Pulmonary dysfunction after coronary artery bypass surgery
Respiratory dysfunction and arterial hypoxemia are common causes of morbidity following cardiac surgery utilizing extracorporeal circulation. Predisposing factors can be classified as (1) related to the surgical procedure such as opening the chest, opening the pleura, trauma, postoperative pleural effusion, hemothorax, or pneumothorax; (2) associated preoperative pathologic changes such as restrictive or obstructive lung disease, chronic lung congestion secondary to heart disease; and (3) related to cardiopulmonary bypass technique with its associated physiologic and histologic changes in the lung structure.
We studied the degree of respiratory dysfunction and the course of recovery in 357 consecutive patients who had undergone coronary artery bypass surgery and were considered clinically capable of supporting their own pulmonary functions without prolonged mechanical assistance after surgery.
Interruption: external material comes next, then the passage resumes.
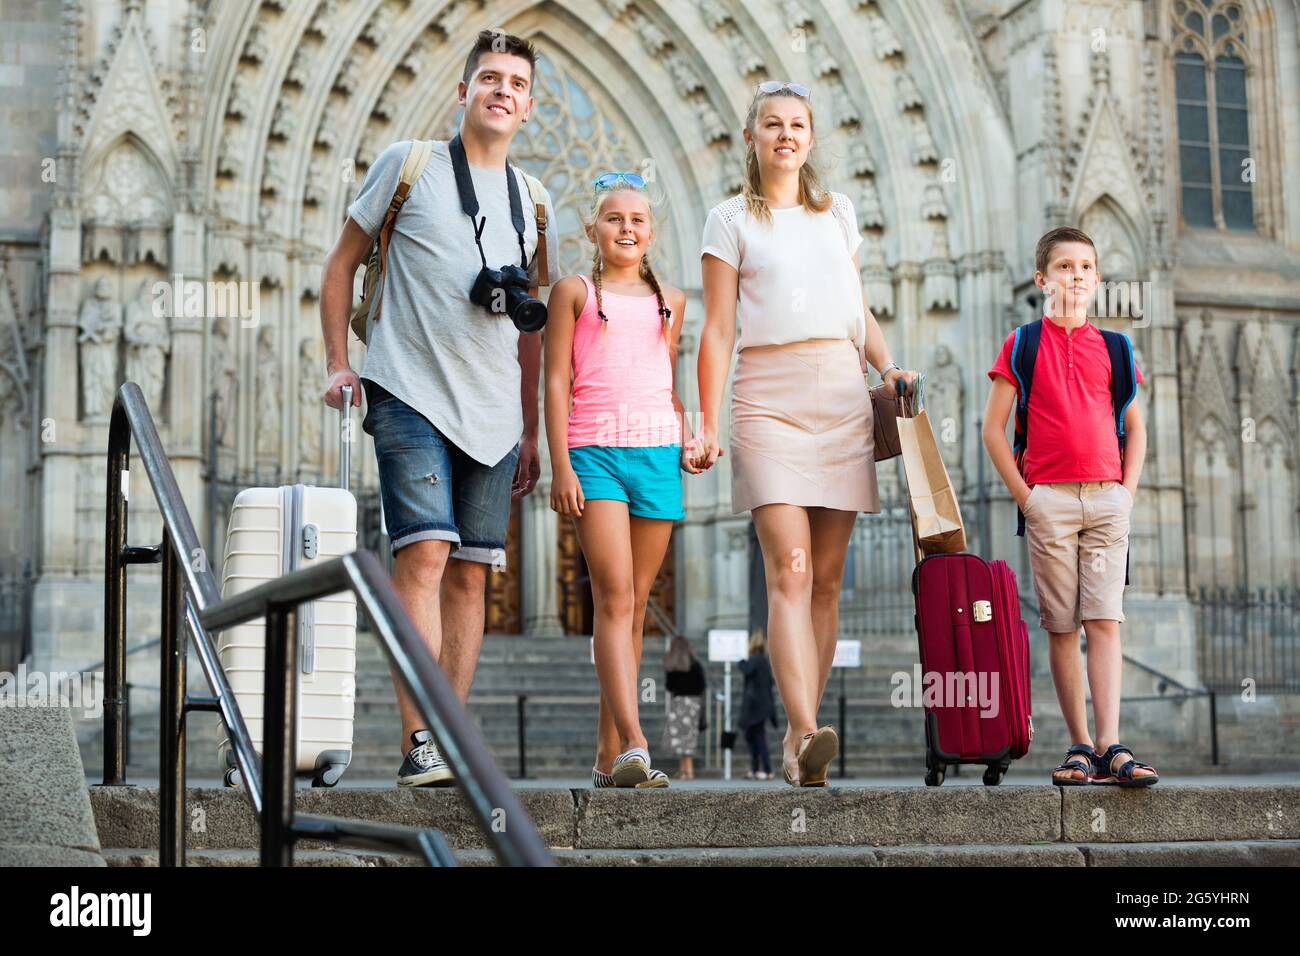 Famille de quatre personnes voyageant avec leurs bagages le long de la rue de la ville européenne Banque D'Images

Postoperative pulmonary management was standardized; all patients were mechanically ventilated overnight. F1O2 and ventilatory parameters were adjusted to maintain PaO2 80 to 120 mm Hg and PaCO2 35 to 40 mm Hg. Patients who had vital capacity 10 to 15 cc/kg body weight, PaO2 >80 mm Hg inspiratory negative Pr >30 cm H2O were weaned from mechanical ventilation. All patients received routine chest physiotherapy until the fifth postoperative day. Computer analysis was used to compare postoperative screening spirometry results done on the seventh postoperative day with preoperative values, which were used as controls. There was a significant reduction in vital capacity, forced vital capacity, forced expiratory flow rate, and peak expiratory flow rate (Table 1). The FEV1/FVC ratio remained the same, indicating that the changes are mainly restrictive and . . .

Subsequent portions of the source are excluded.